Justice STEVENS joins this opinion.
. Post Conviction Relief Act, 42 Pa.C.S. §§ 9541-9546.
. Given that appellant's circumstances arise from his self-representation, the FCDO had more incentive than usual to create delay in this case. And so, the FCDO requested five extensions of time to brief the appeal, and also requested permission to exceed the then-70-page briefing limitation. Both requests were granted (at a time when the Court was less attuned to the FCDO’s obstructionist agenda in capital cases). Despite the narrow universe of properly available claims, the FCDO then abused the Court with a brief of 98 pages, raising 14 claims, some of which include sub-claims. The Court should be mindful not to tolerate these sorts of abuses in the future.
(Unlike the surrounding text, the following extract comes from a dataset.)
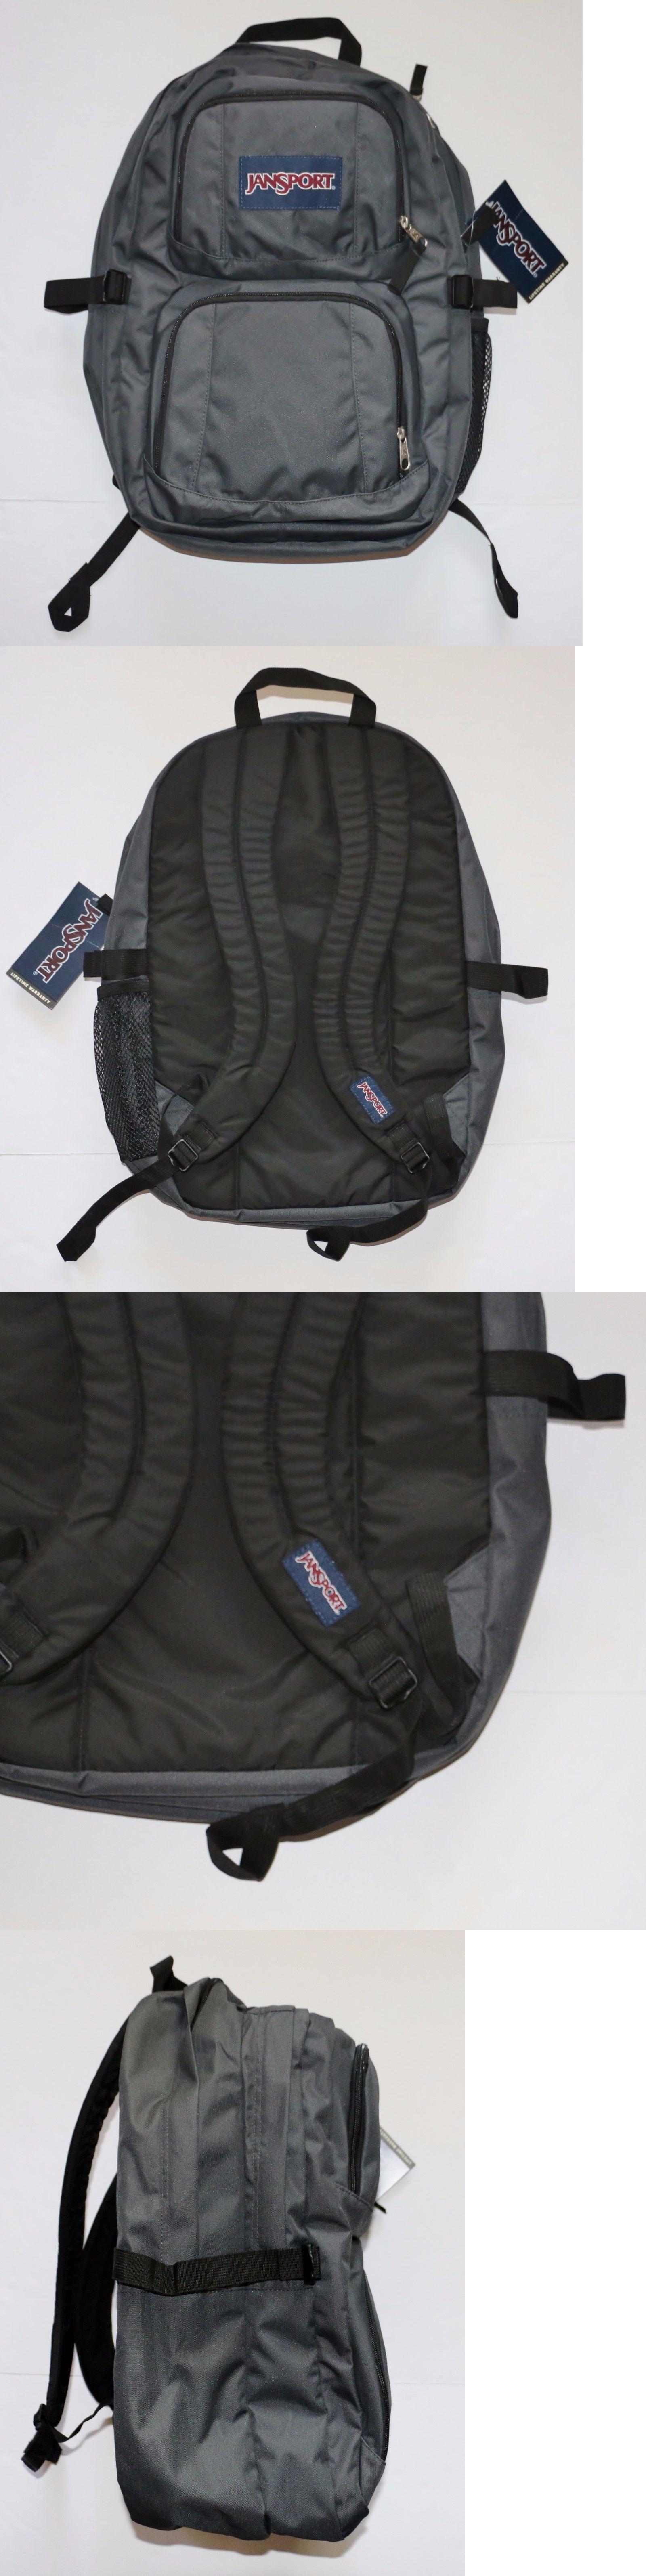 bags and backpacks new jansport merit backpack 17 laptop

. Dr. Dudley has predictably testified on behalf of FCDO-represented capital defendants in numerous other capital cases, including Bomar, 104 A.3d at 1219; Commonwealth v. Baumhammers, — Pa. -, 92 A.3d 708, 718 (2014); Commonwealth v. Fears, — Pa. -, 86 A.3d 795, 813 (2014); Commonwealth v. Sepulveda, 618 Pa. 262, 55 A.3d 1108, 1120 (2012); and Commonwealth v. Banks, 612 Pa. 56, 29 A.3d 1129, 1135-37 (2011), cert. de*776nied, - U.S. -, 133 S.Ct. 100, 184 L.Ed.2d 233 (2012).